_DATASET CONTENT_:
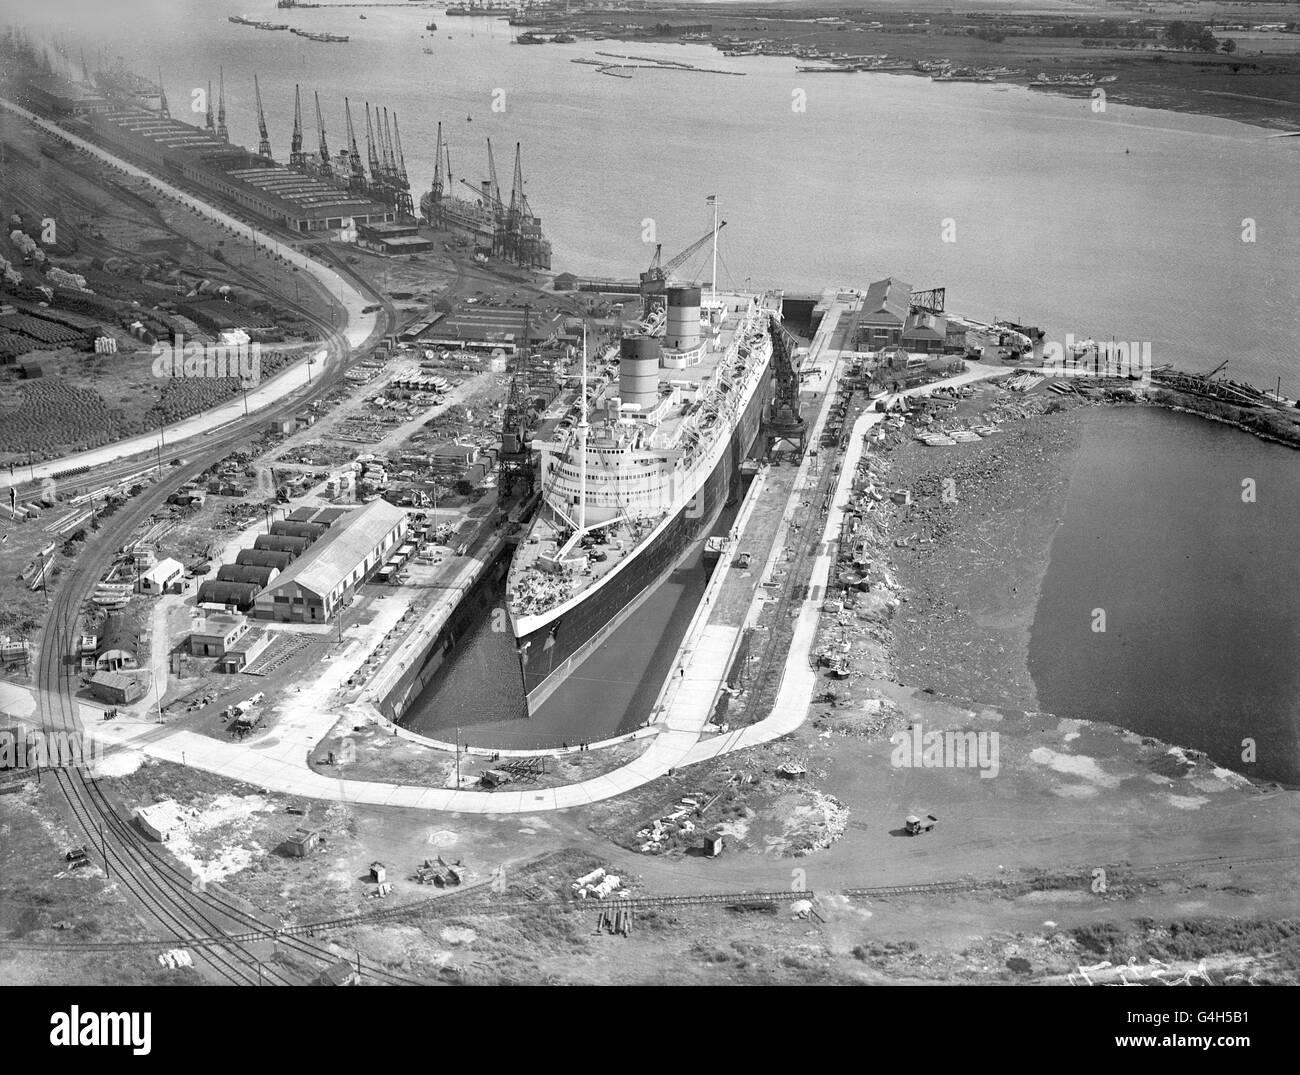 Die 85,000 Tonnen schwere 'Queen Elizabeth' nimmt fast den gesamten Bereich des riesigen King George V Docks in Southampton ein. Das riesige Schiff wird von seiner Rolle als Truppenschiff im Krieg zu seiner Rolle als Luxuskreuzfahrtschiff in der Friedenszeit umgerüstet. Stockfoto
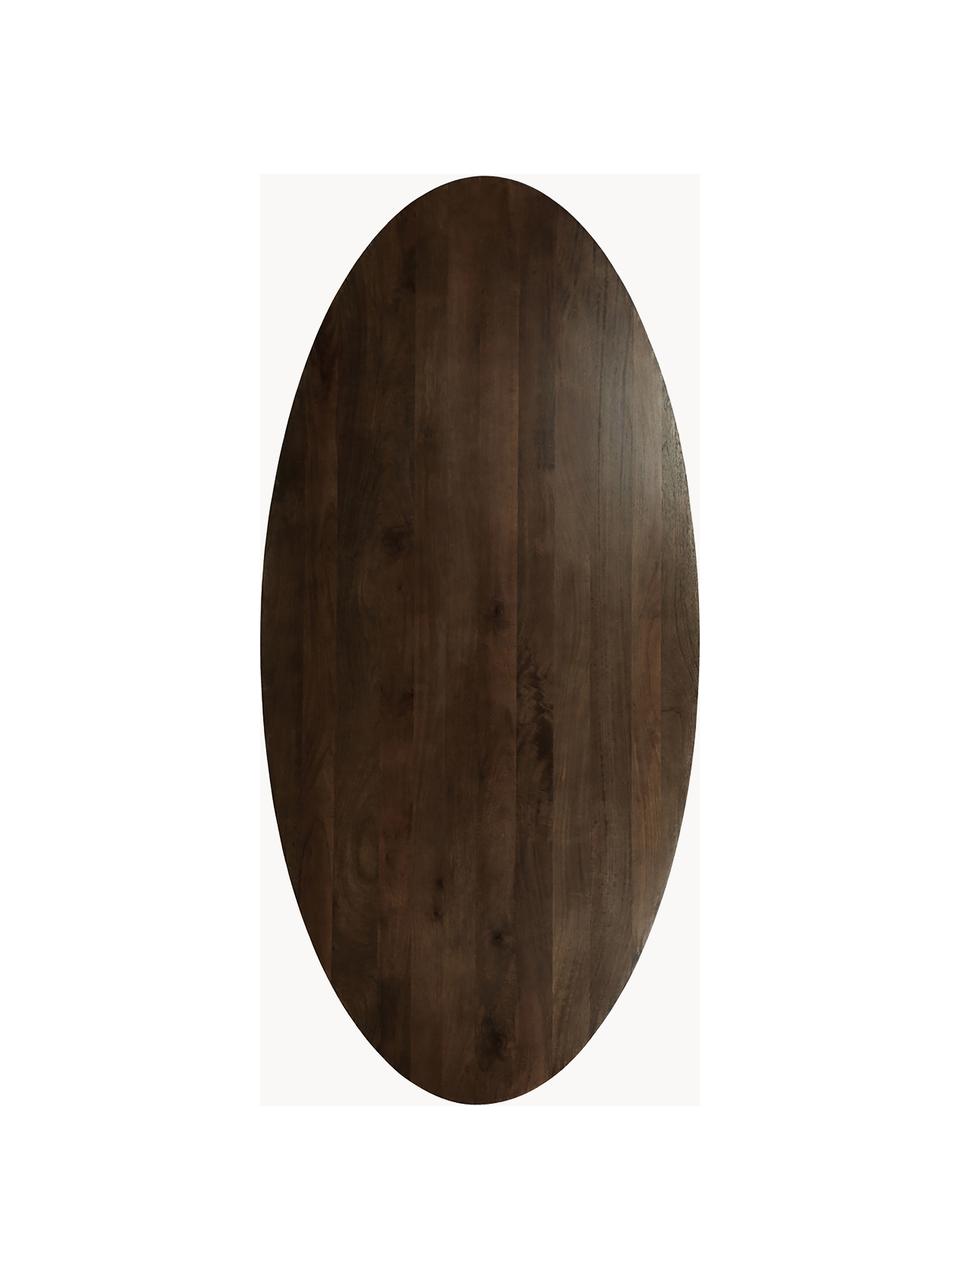 Ovaler Esstisch Oscar aus Mangoholz, 203 x 97 cm, Mangoholz massiv, lackiert, Mangoholz, B 203 x T 97 cm
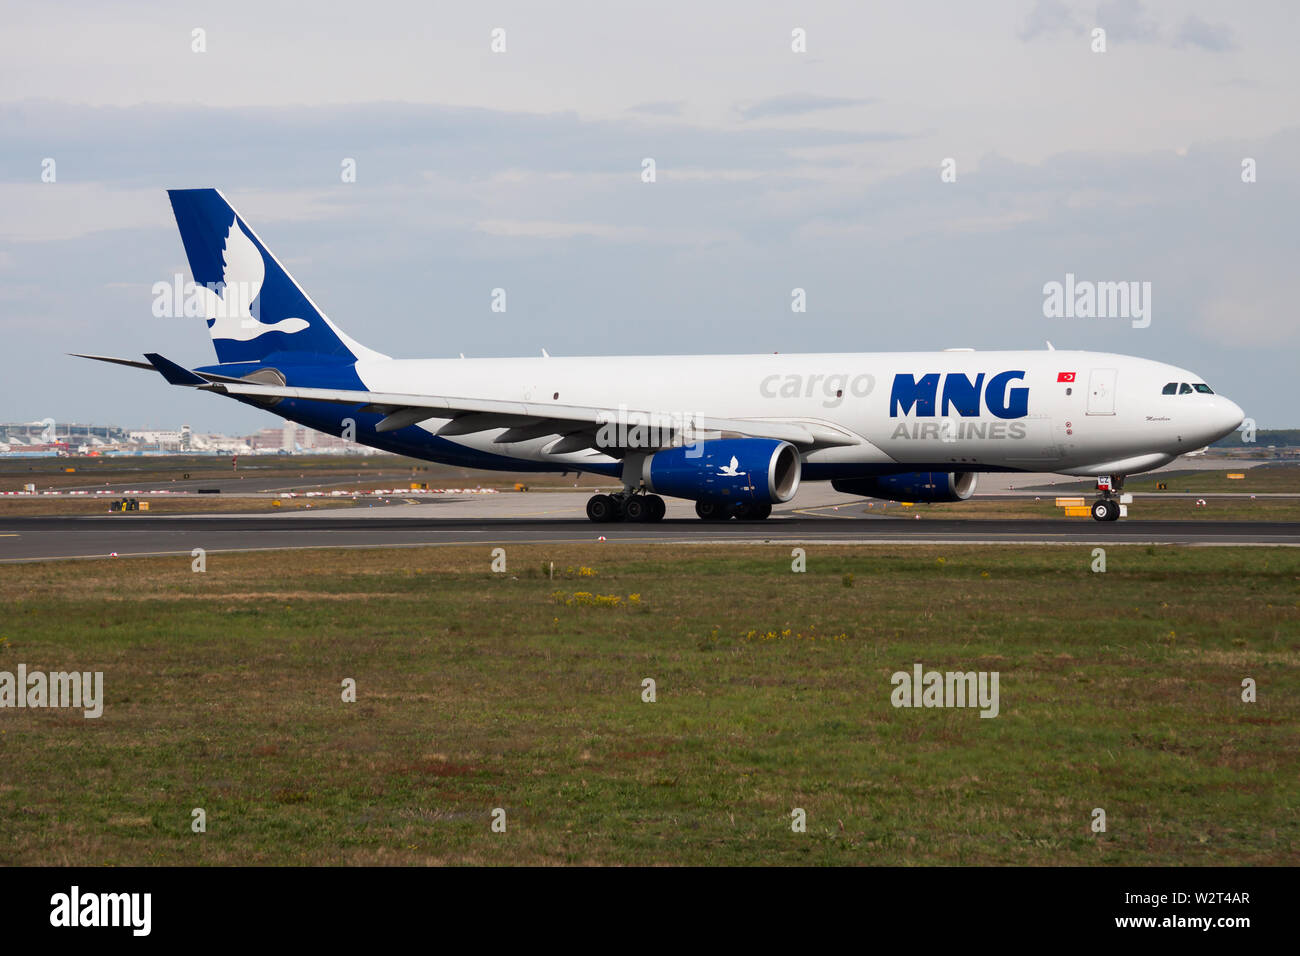 FRANKFURT / ALEMANIA - Abril 26, 2015: MNG Airlines Cargo Airbus A330-200 TC-MCZ avión de carga de la salida en el aeropuerto de Frankfurt Foto de stock

_YOUR TASK_: The result should be every line of the data, reproduced exactly, with the images removed.

_EXERCISE RESPONSE_:
 Die 85,000 Tonnen schwere 'Queen Elizabeth' nimmt fast den gesamten Bereich des riesigen King George V Docks in Southampton ein. Das riesige Schiff wird von seiner Rolle als Truppenschiff im Krieg zu seiner Rolle als Luxuskreuzfahrtschiff in der Friedenszeit umgerüstet. Stockfoto
 Ovaler Esstisch Oscar aus Mangoholz, 203 x 97 cm, Mangoholz massiv, lackiert, Mangoholz, B 203 x T 97 cm
 FRANKFURT / ALEMANIA - Abril 26, 2015: MNG Airlines Cargo Airbus A330-200 TC-MCZ avión de carga de la salida en el aeropuerto de Frankfurt Foto de stock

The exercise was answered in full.